For evaluation, we apply the learned network to $$$R=2$$$ and $$$R=6$$$ data from 6 patients that was not used for training, covering a wide range of anatomical knee structures. We compare our method to zero-filled initialization, iterative CG-SENSE$$$^4$$$ and TV-regularized combined CS and PI$$$^1$$$ reconstructions. Figure 2 depicts the results for $$$R=2$$$. As expected, all methods perform equally well. When the acceleration factor is pushed to $$$R=6$$$, CG-SENSE and TV cannot remove all artifacts as illustrated in Figure 3. This is also depicted in Figure 4 that shows several reconstructed slices of a single patient. Although TV-regularized reconstructions still include residual aliasing at this level of regularization they already look unnatural due to the piecewise-constance assumption and small low-contrast features vanish. Our learning approach leads to artifact-free and natural results with a reconstruction time of 1.78 seconds for a single $$$320\times320$$$ slice.
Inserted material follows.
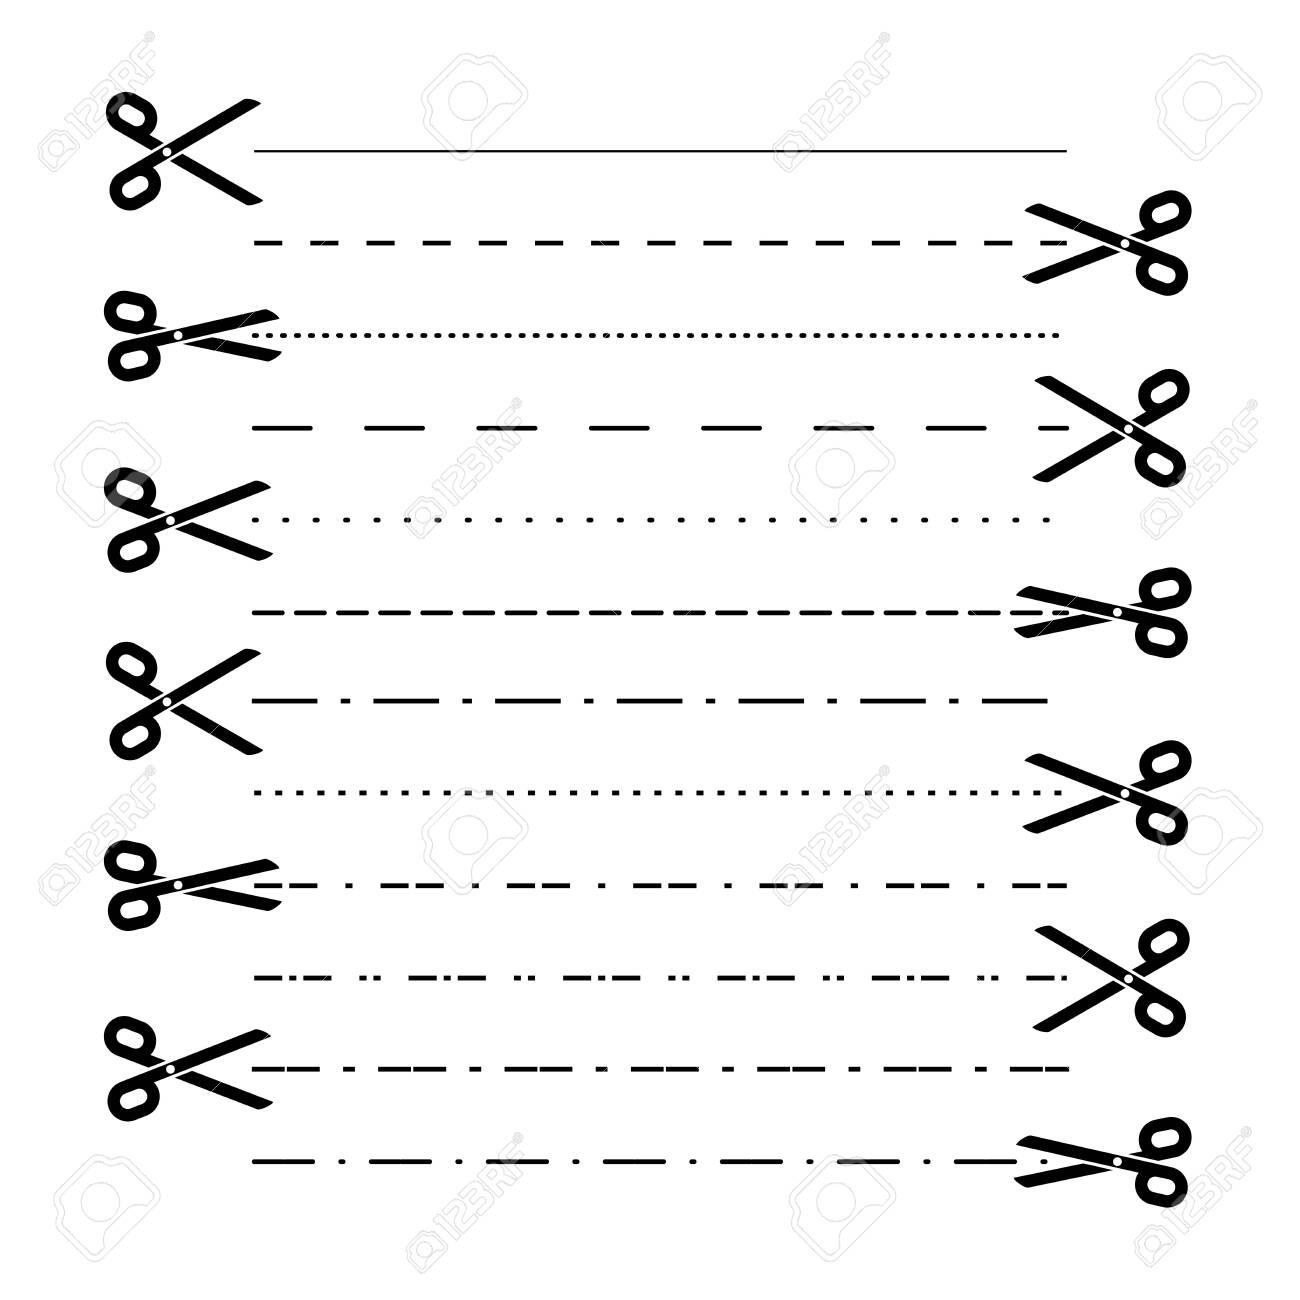 Scissors vectors with cut lines, dot, dashed lines. Dividing lines cutout. Vector - 124034295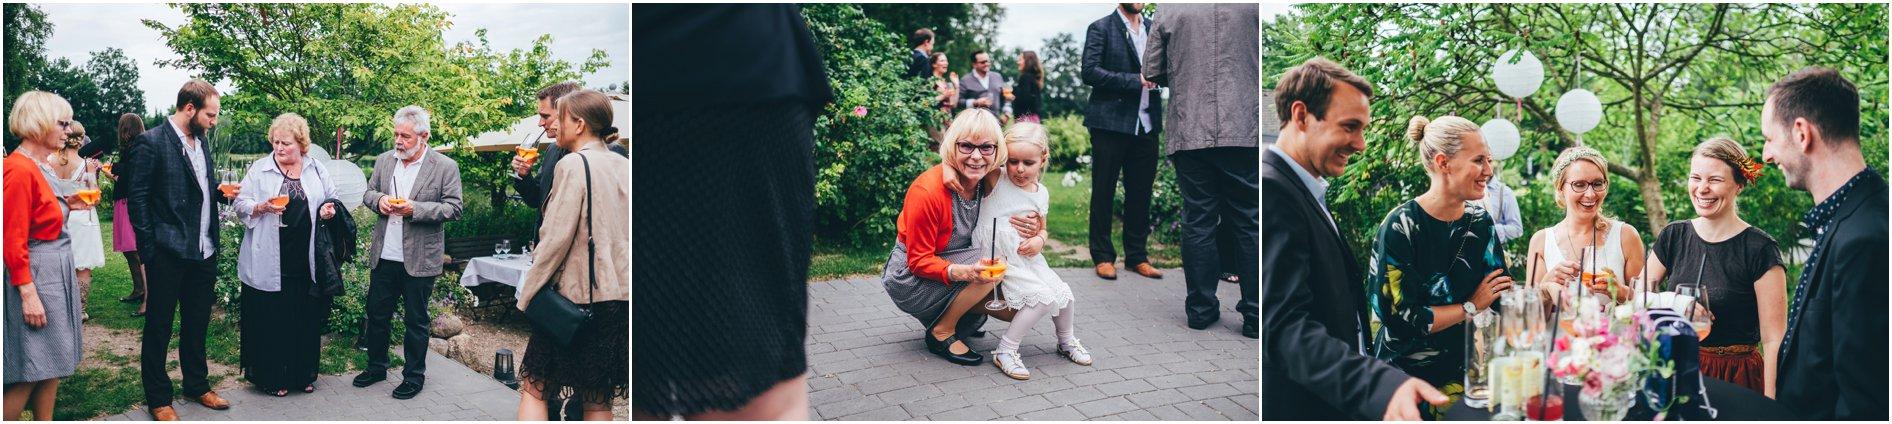 2016-04-19_0082 Sandra & Janis - Hochzeitsfotograf in Seevetal

In this work, we presented a novel approach for CS reconstruction to learn optimal regularization of a variational model. This allows for highly efficient reconstruction of new k-space data in terms of both image quality and runtime. The impact of our algorithm is visible for high acceleration factors where we achieve visually superior results compared to CG-SENSE and TV. While conventional CS reconstruction methods use handcrafted regularizers that are not particularly suitable for 2D Cartesian sequences which are still essential in clinical practice, our learned network enables the separation of characteristic undersampling artifacts from the natural appearance of MR images.